Problem statement: Exclude every picture. Output verbatim the lines from the one containing "Panthère des neiges, Vincent Munier" to the end of the data.

The data:
╔══

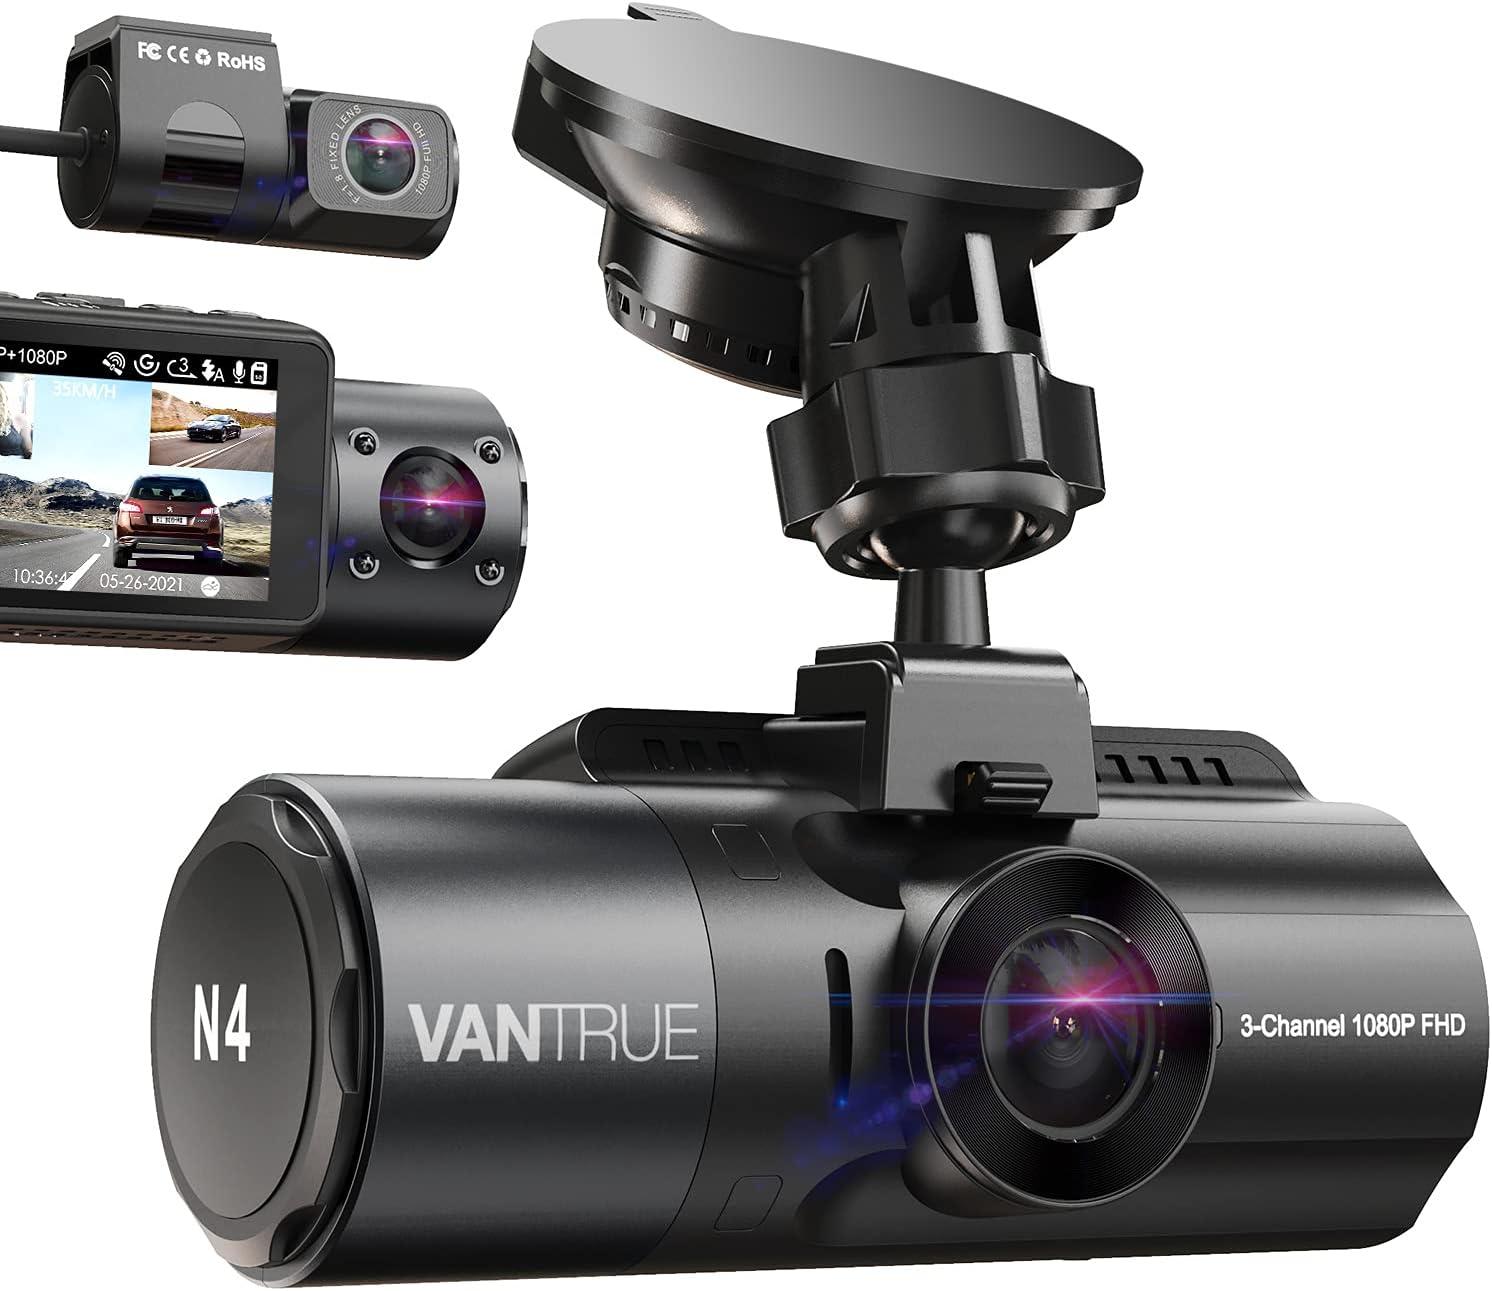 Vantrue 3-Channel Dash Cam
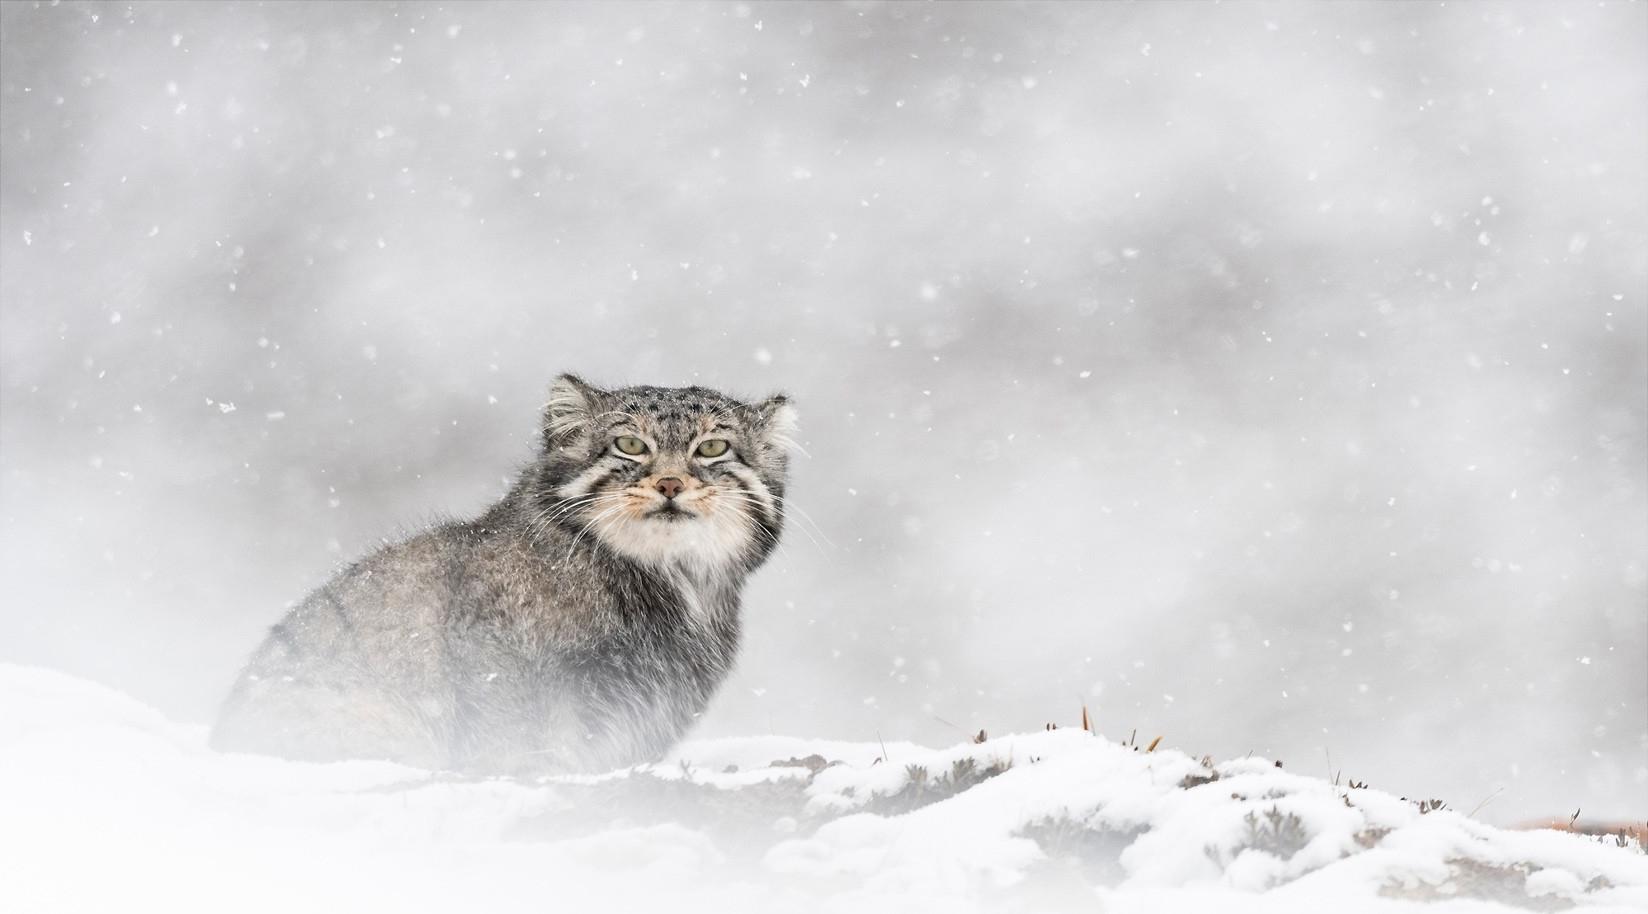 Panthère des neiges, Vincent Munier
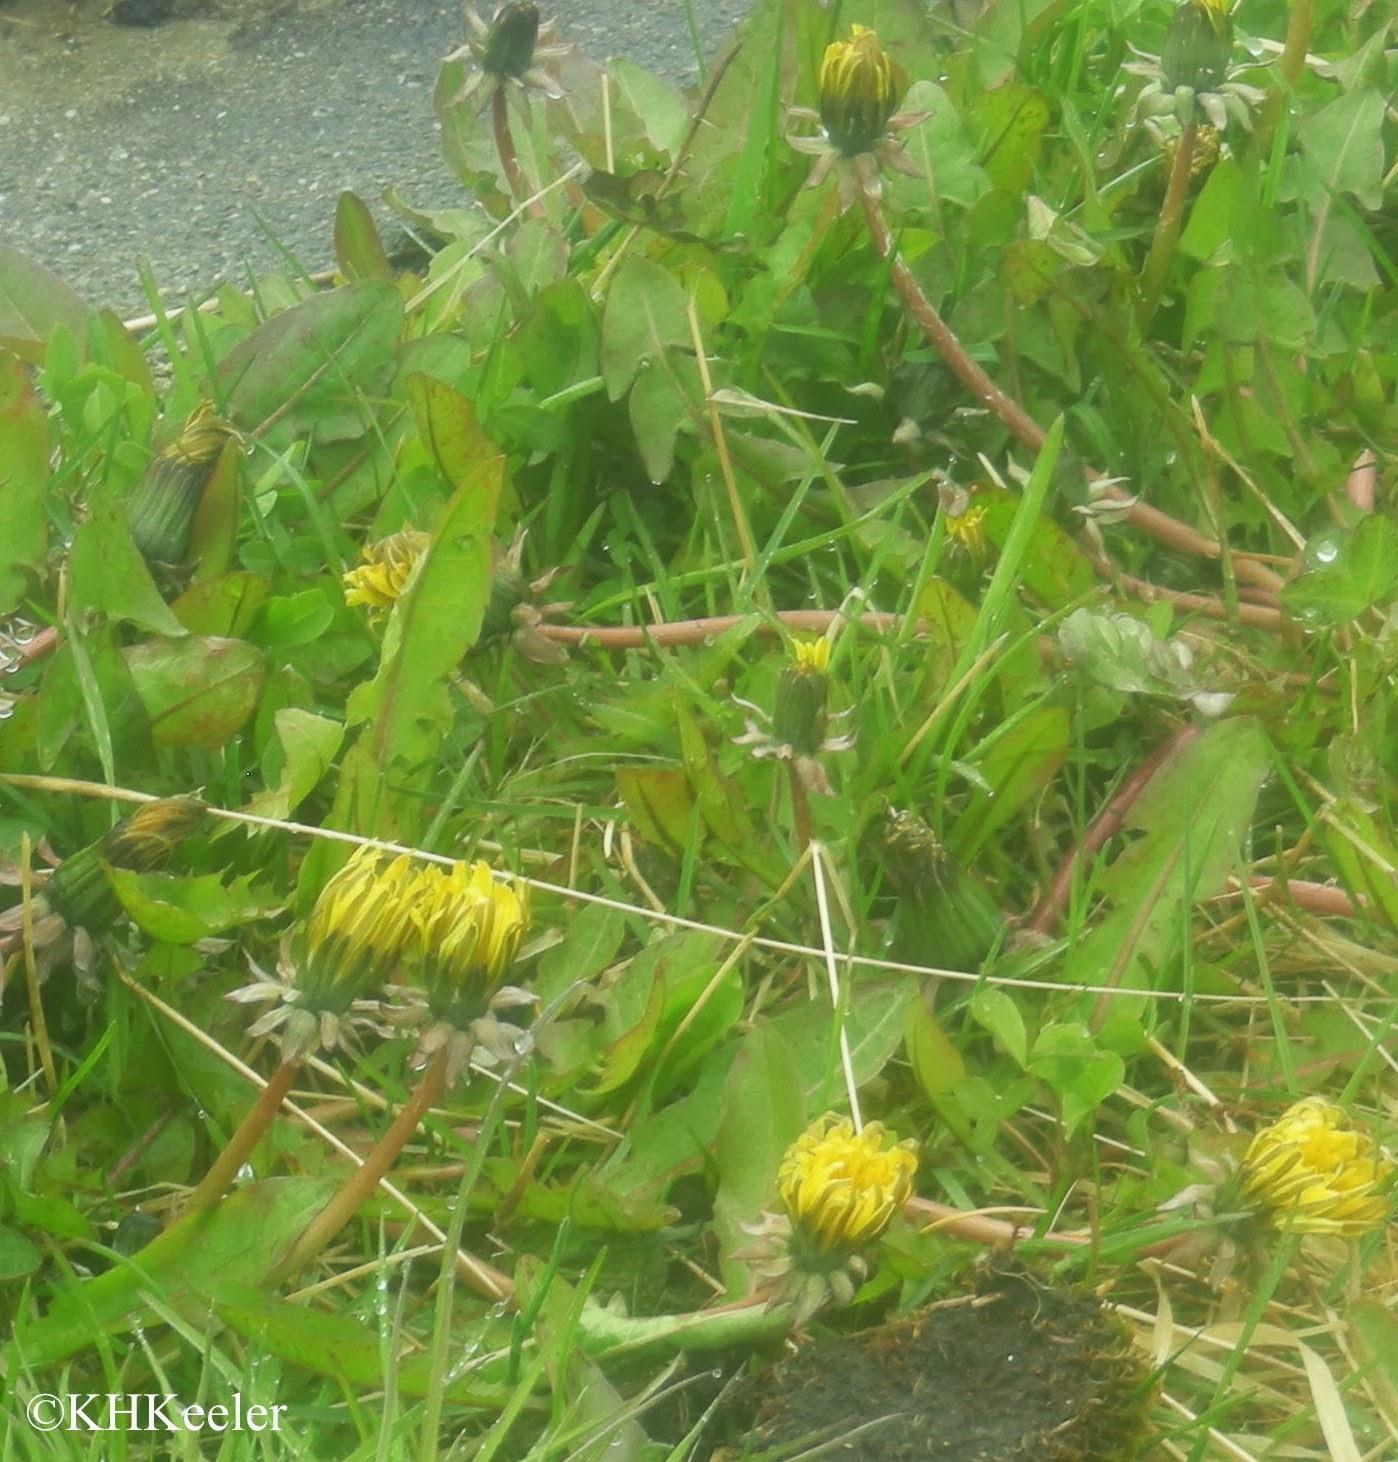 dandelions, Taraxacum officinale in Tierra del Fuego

╚══

Solution to this task:
 Panthère des neiges, Vincent Munier
 dandelions, Taraxacum officinale in Tierra del Fuego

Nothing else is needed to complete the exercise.